WHAT NEEDS TO BE DONE.
An exact copy of the listing below is the answer, with the pictures removed.

DATA BELOW.
+ + + +
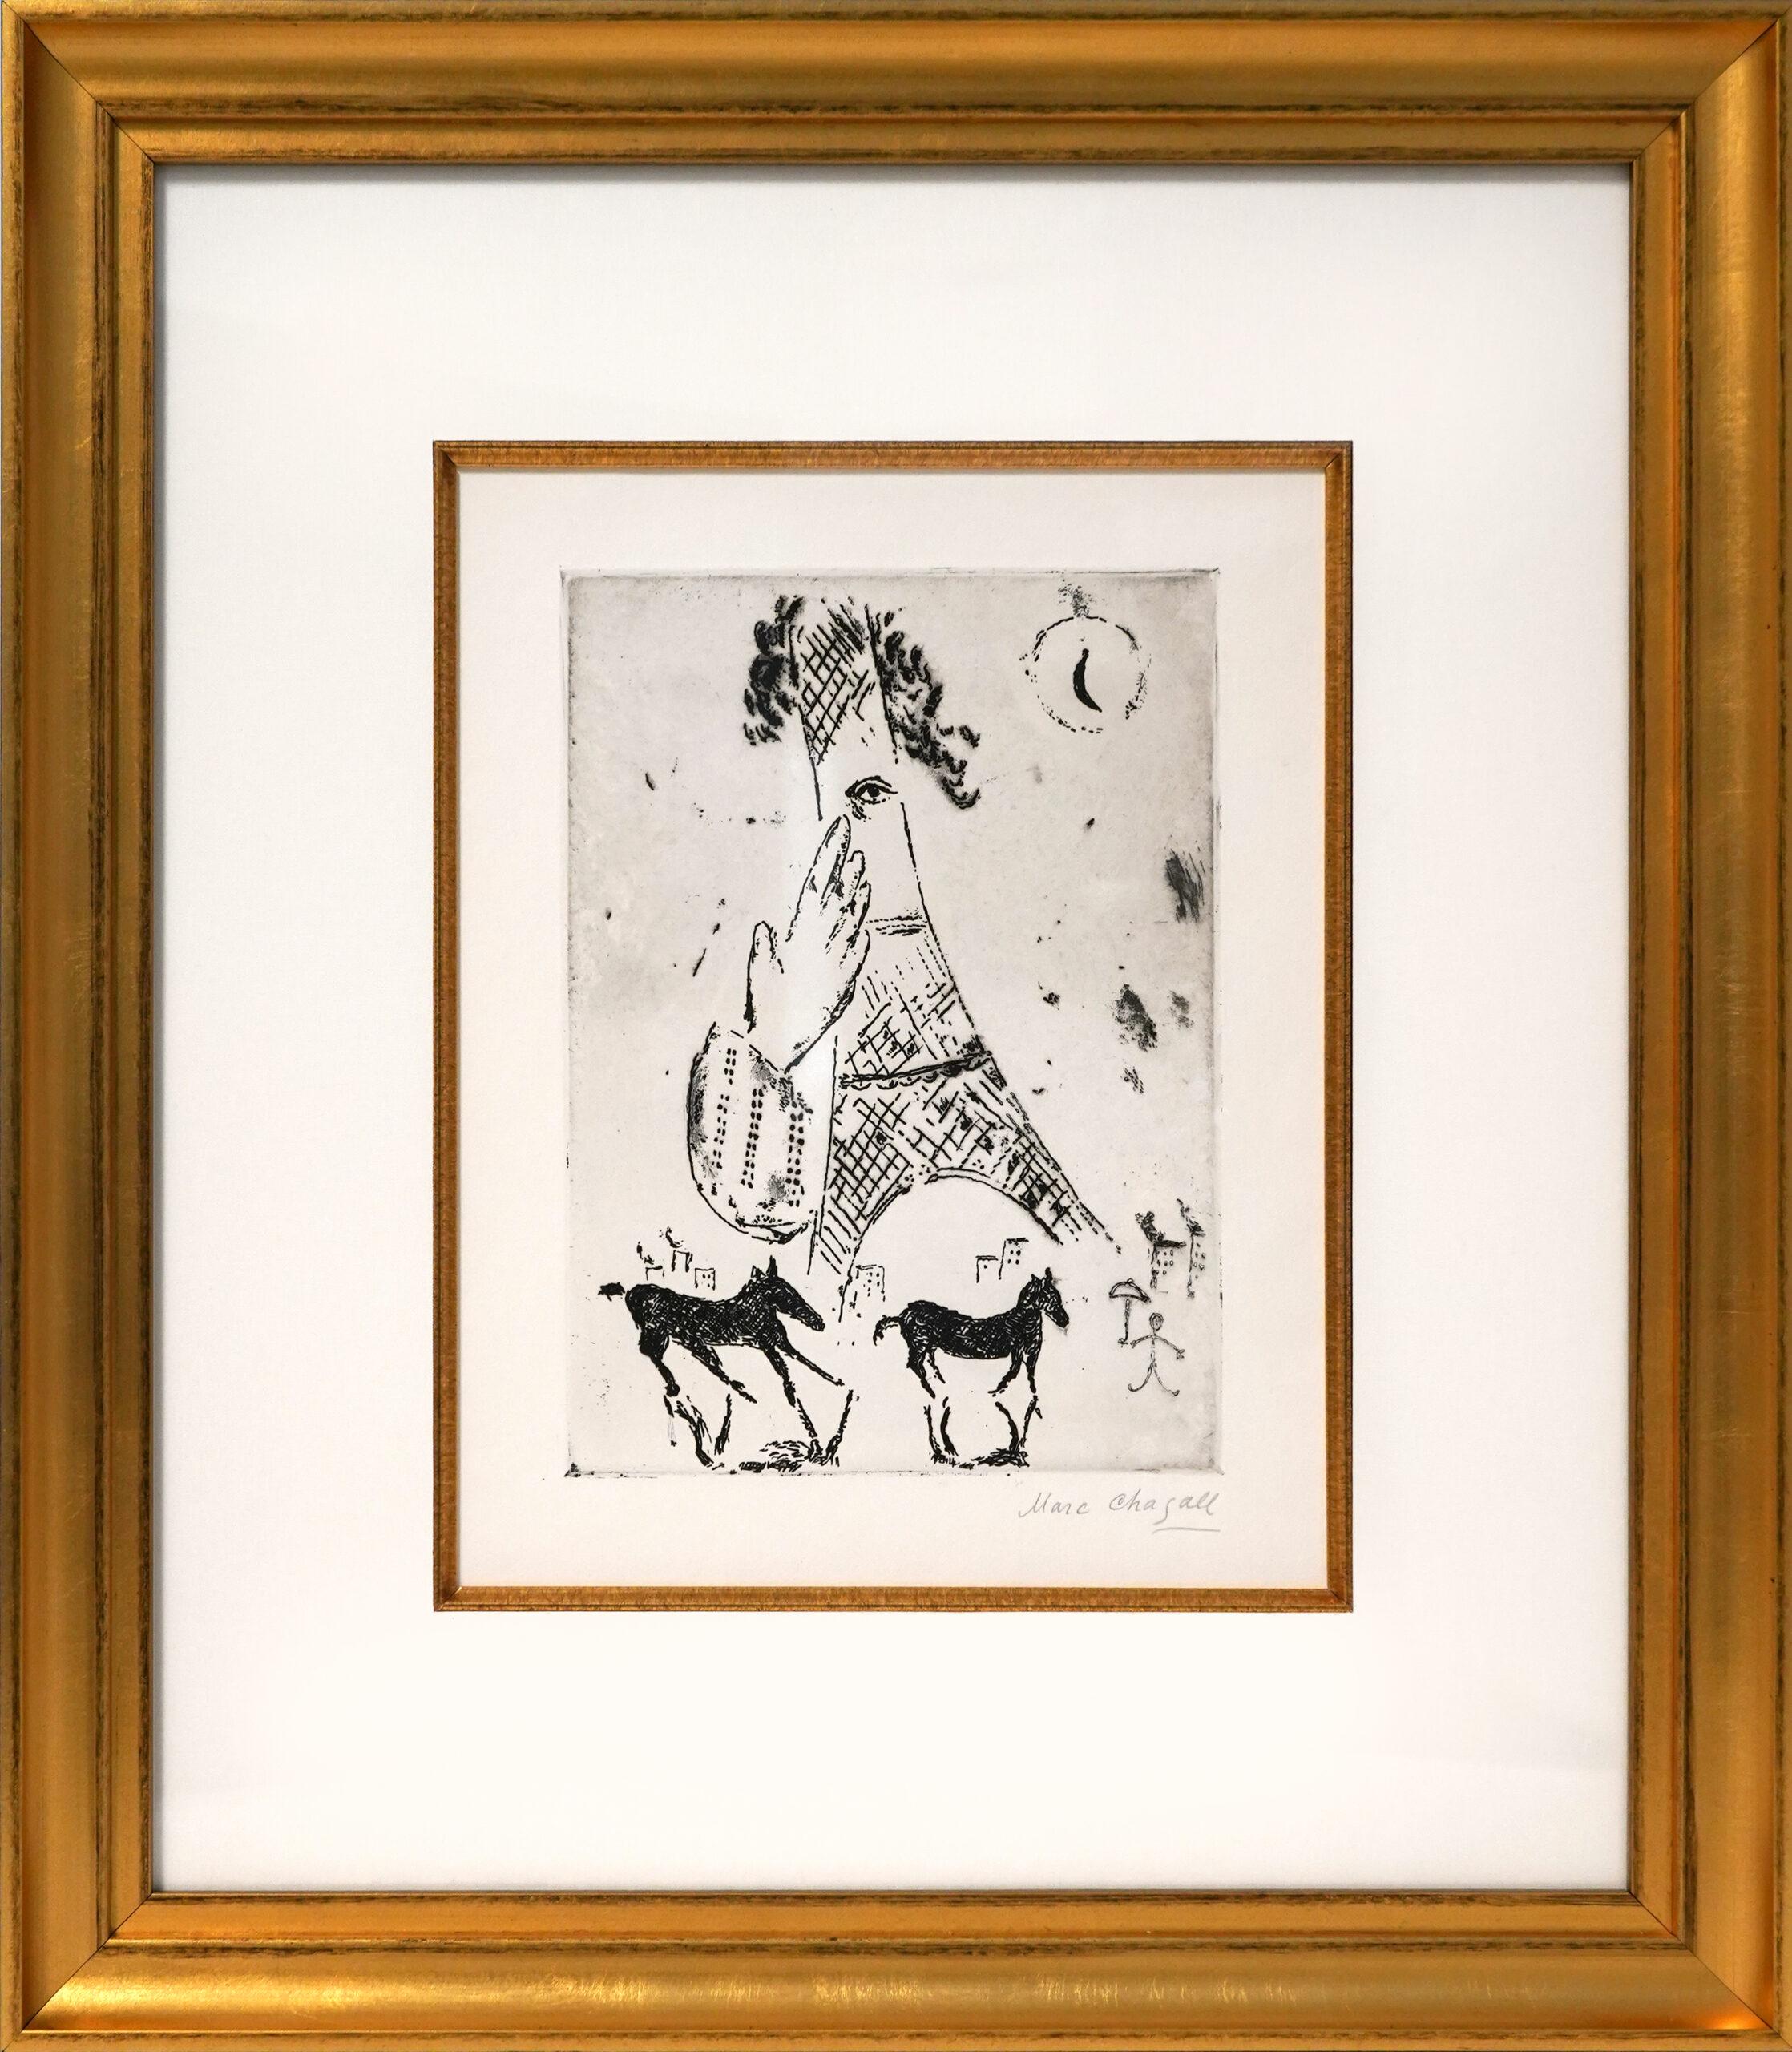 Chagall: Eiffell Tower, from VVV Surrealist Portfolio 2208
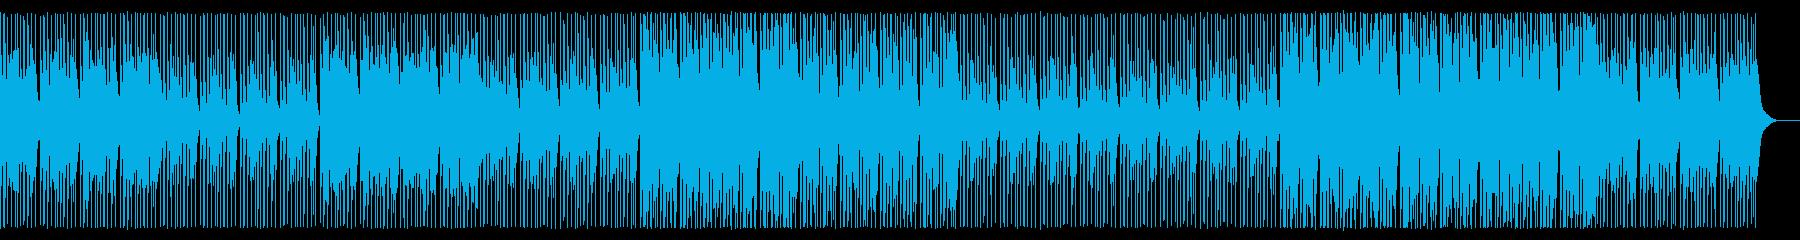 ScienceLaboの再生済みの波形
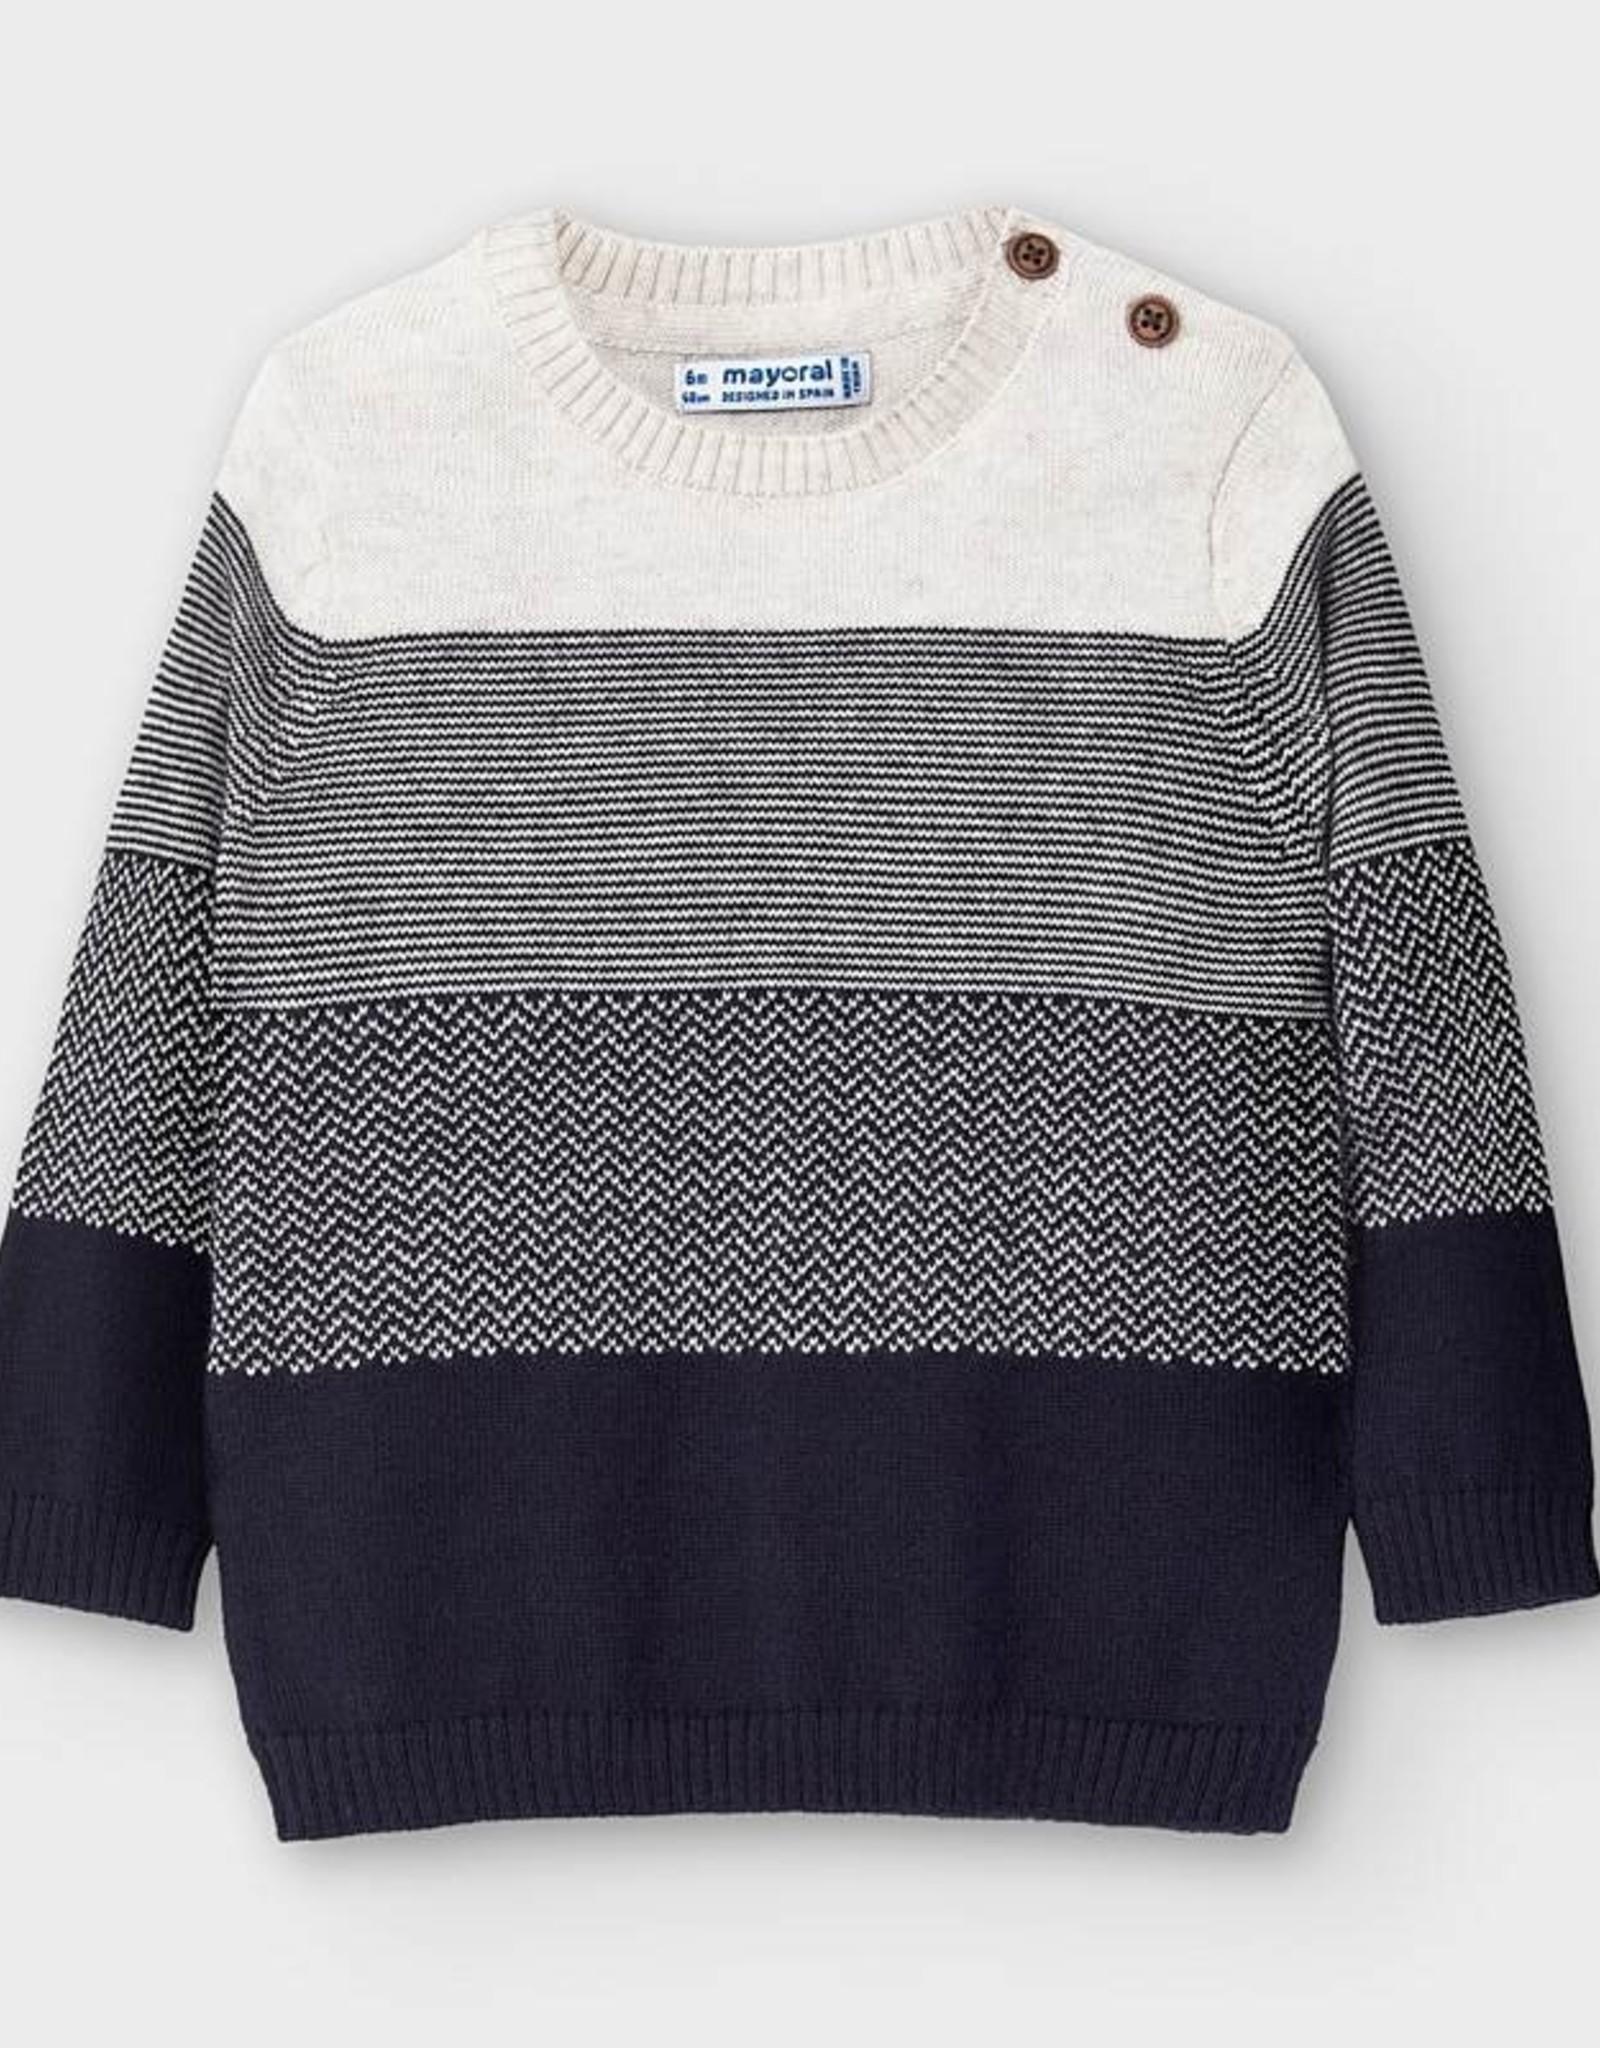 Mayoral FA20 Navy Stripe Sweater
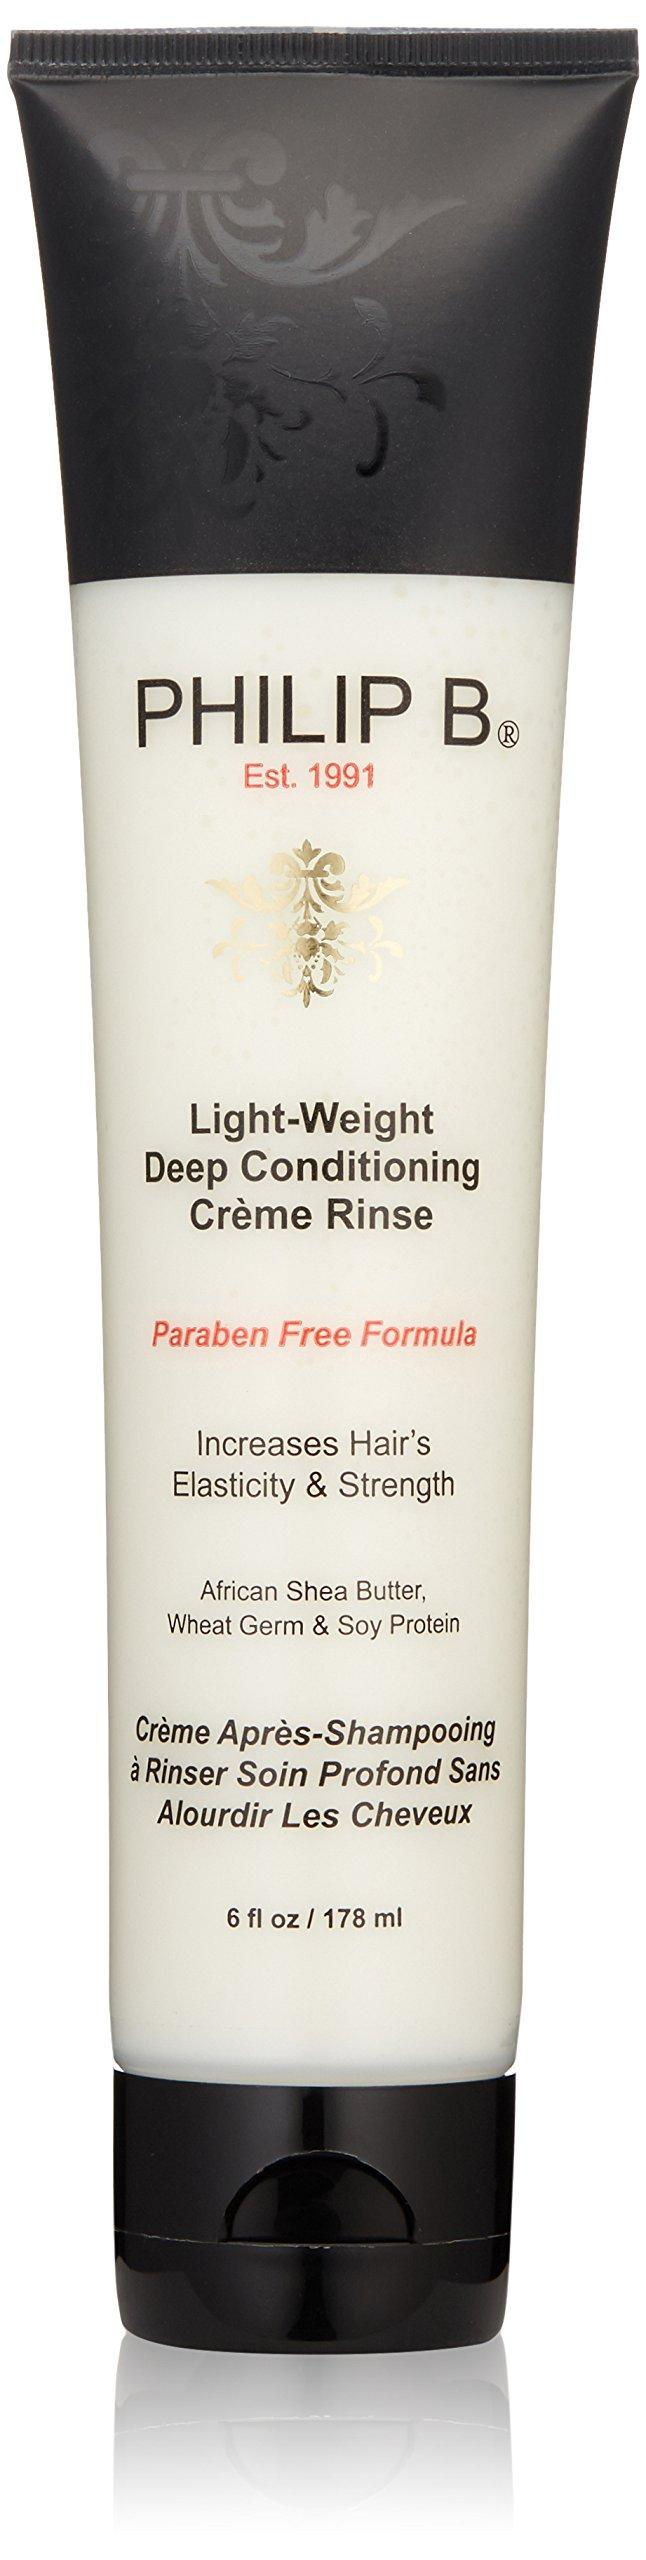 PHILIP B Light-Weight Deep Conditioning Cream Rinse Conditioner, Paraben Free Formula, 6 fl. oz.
+ + + +
RESULT OF THIS EXERCISE.
 Chagall: Eiffell Tower, from VVV Surrealist Portfolio 2208
 ScienceLaboの再生済みの波形
 Mayoral FA20 Navy Stripe Sweater
 PHILIP B Light-Weight Deep Conditioning Cream Rinse Conditioner, Paraben Free Formula, 6 fl. oz.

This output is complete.